Fold edge of paper filter and place in dripper.
Place dripper on a carafe. Rinse dripper and filter with hot water and discard water.
Pour ground coffee into dripper.
Tap to level coffee grounds.
Set dripper and carafe on scale and tare to zero.
Start timer.
With gooseneck kettle, pour 50ml water into the centre of the bed of coffee ensuring all the coffee is saturated.
Let bloom for 30 seconds.
In a circular motion, from the centre outward, pour the next 100ml of water into dripper.
When the water level drops 1 cm, pour the remaining 125ml of water.
Aim for a total brew time of 2 minutes.

French Press

Dose: 32g coffee ground #10 on Baratza Vario
Water: 500 ml @200F

Brew Time: 4 minutes

Preheat carafe with hot water and discard water.
Pour ground coffee into carafe.
Place carafe on scale and tare.
Set timer.
Pour 500ml of water onto coffee and stir with spoon to fully saturate all the grounds.
Cover with lid.
When timer reaches 3 minutes 40 seconds, press plunger and serve.

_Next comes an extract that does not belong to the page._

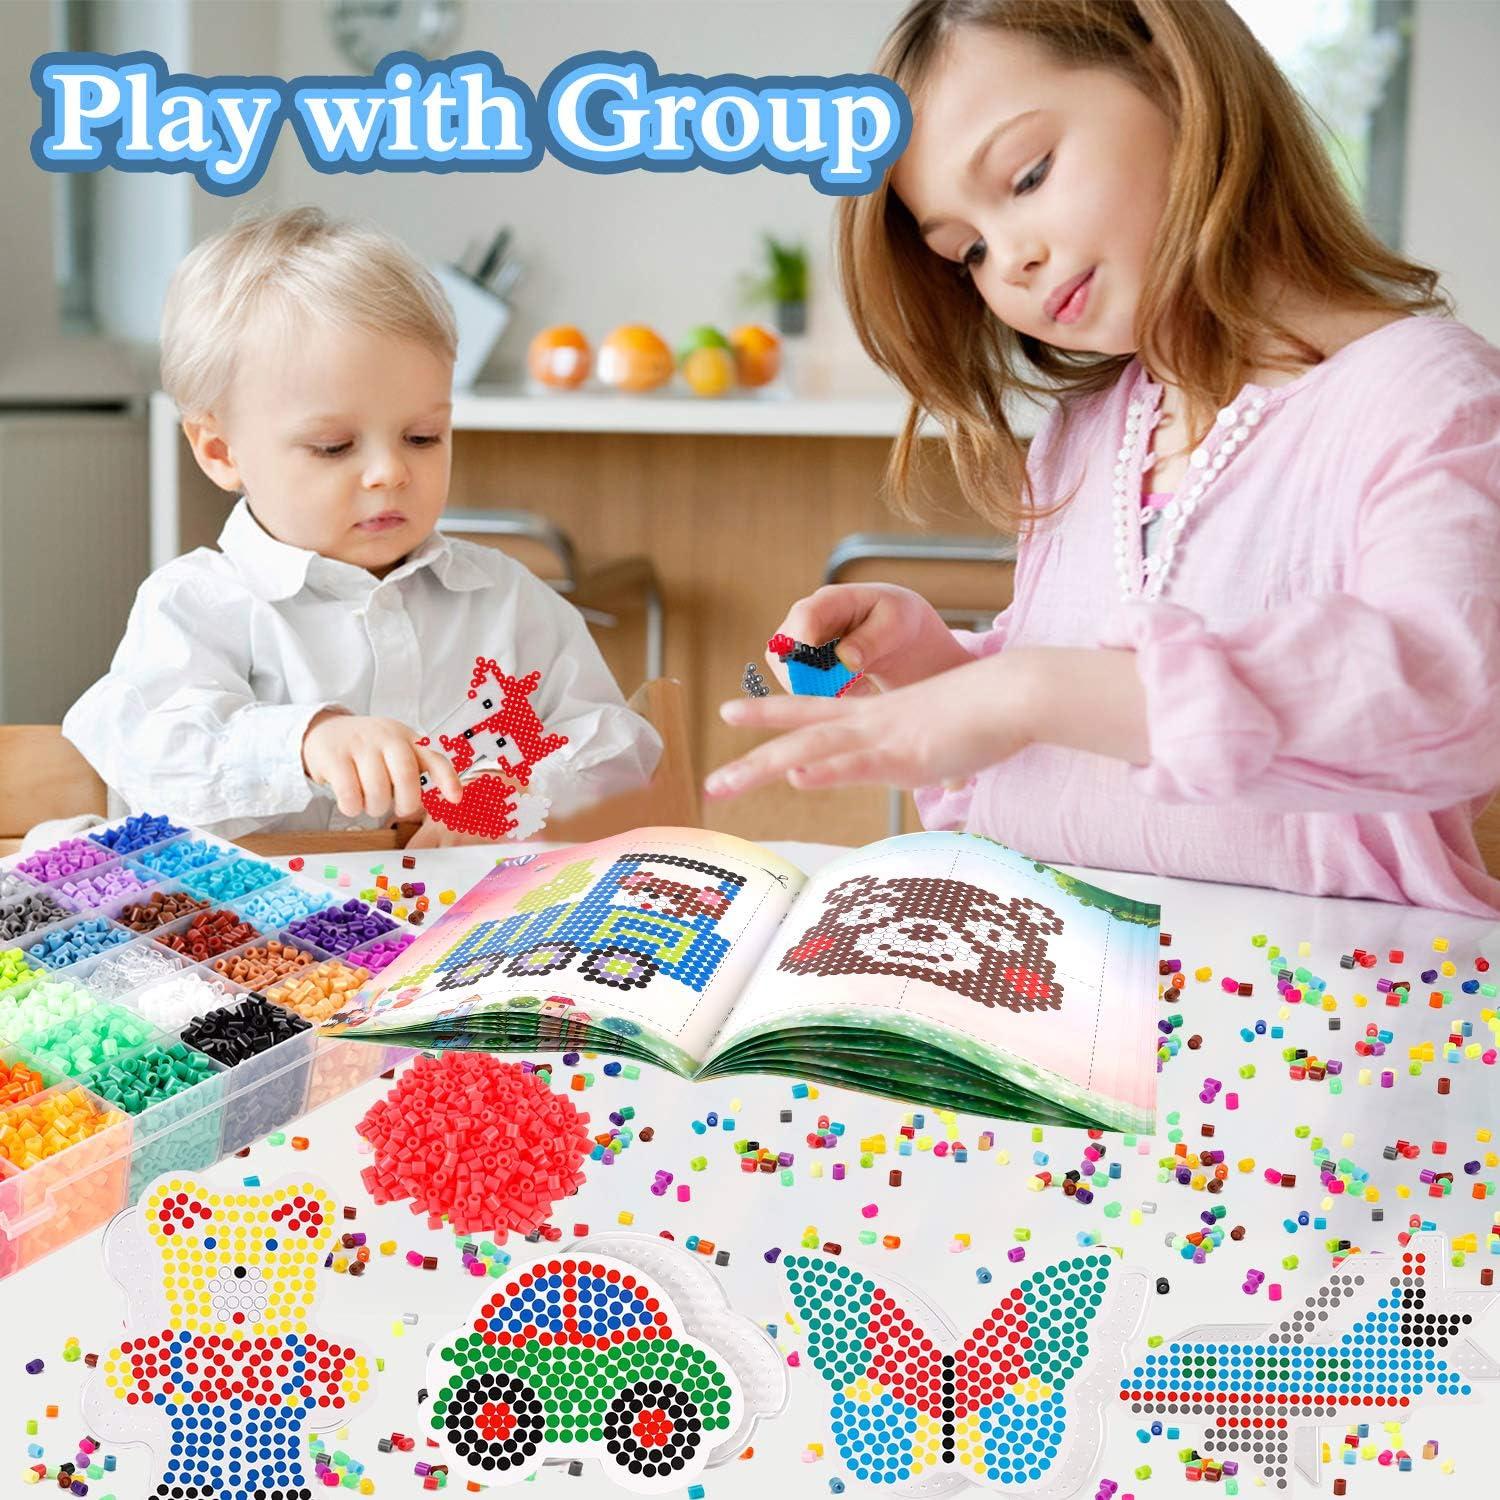 Bachmore Fuse Beads Craft Kit Melty Fusion Colored Beads- 12,000pcs 38  Colors Pearler Craft Sets for Kids Including 7 Pegboards,Booklet Chain  Accessories Activity Gift Toy For Boys and Girls Age 5 6 7 Large
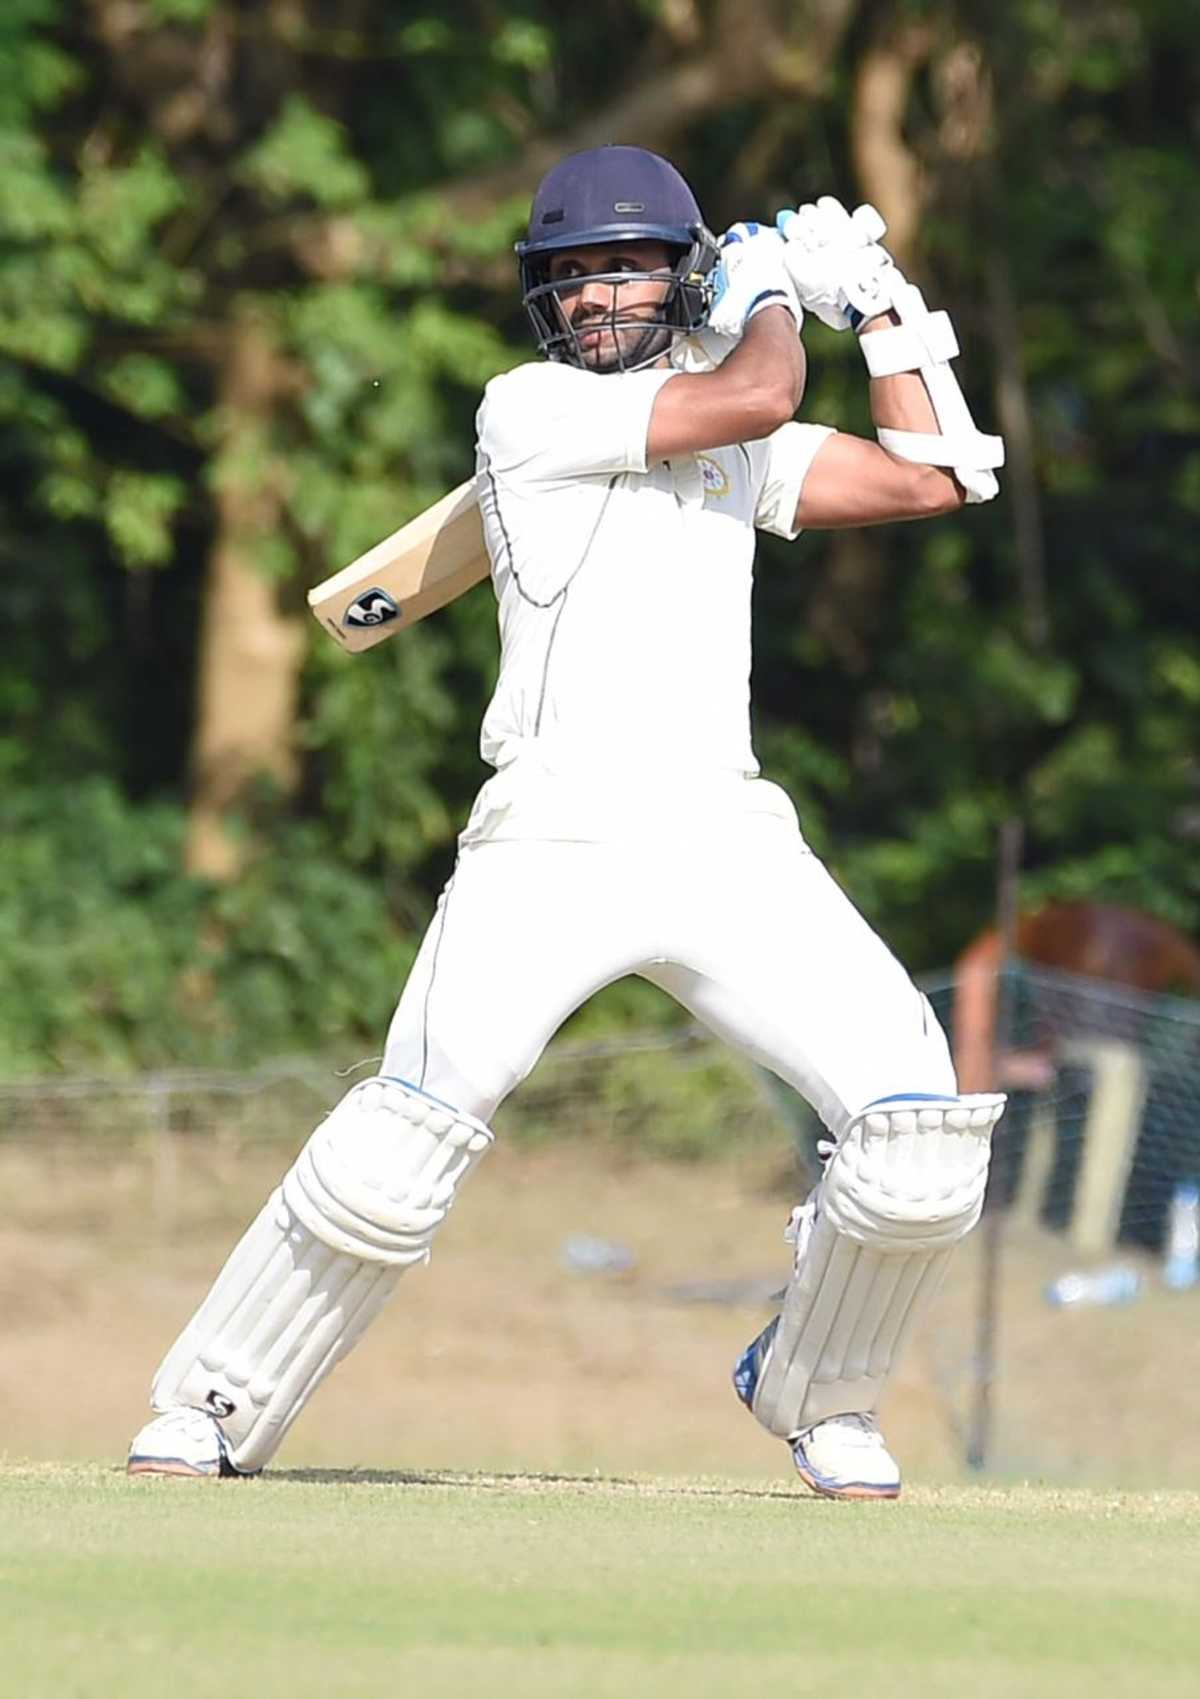 Milind Kumar plays the ball square

Dose: 16g ground on #4 on Baratza Vario
Water: 240 ml @200F
Brew Time: 1 minute 30 sec

Attach plunger 1cm into the end of the main brewer that shows number 4.
Stand the brewer and plunger upside down with the brewer on the top and the plunger on the bottom. (the numbers will be upside down)
Place paper filter into cap. Rinse paper with hot water and discard water.
Pour 15g of ground coffee into brewer.
Place aeropress on a scale and tare to zero.
Set timer.
Slowly pour all the water into the brewer. Gently stir with spoon or paddle.
Cover with lid.
Once timer reaches 1 minute 30 secs, place a cup or mug over the lid and invert the aeropress and press plunger to extract coffee.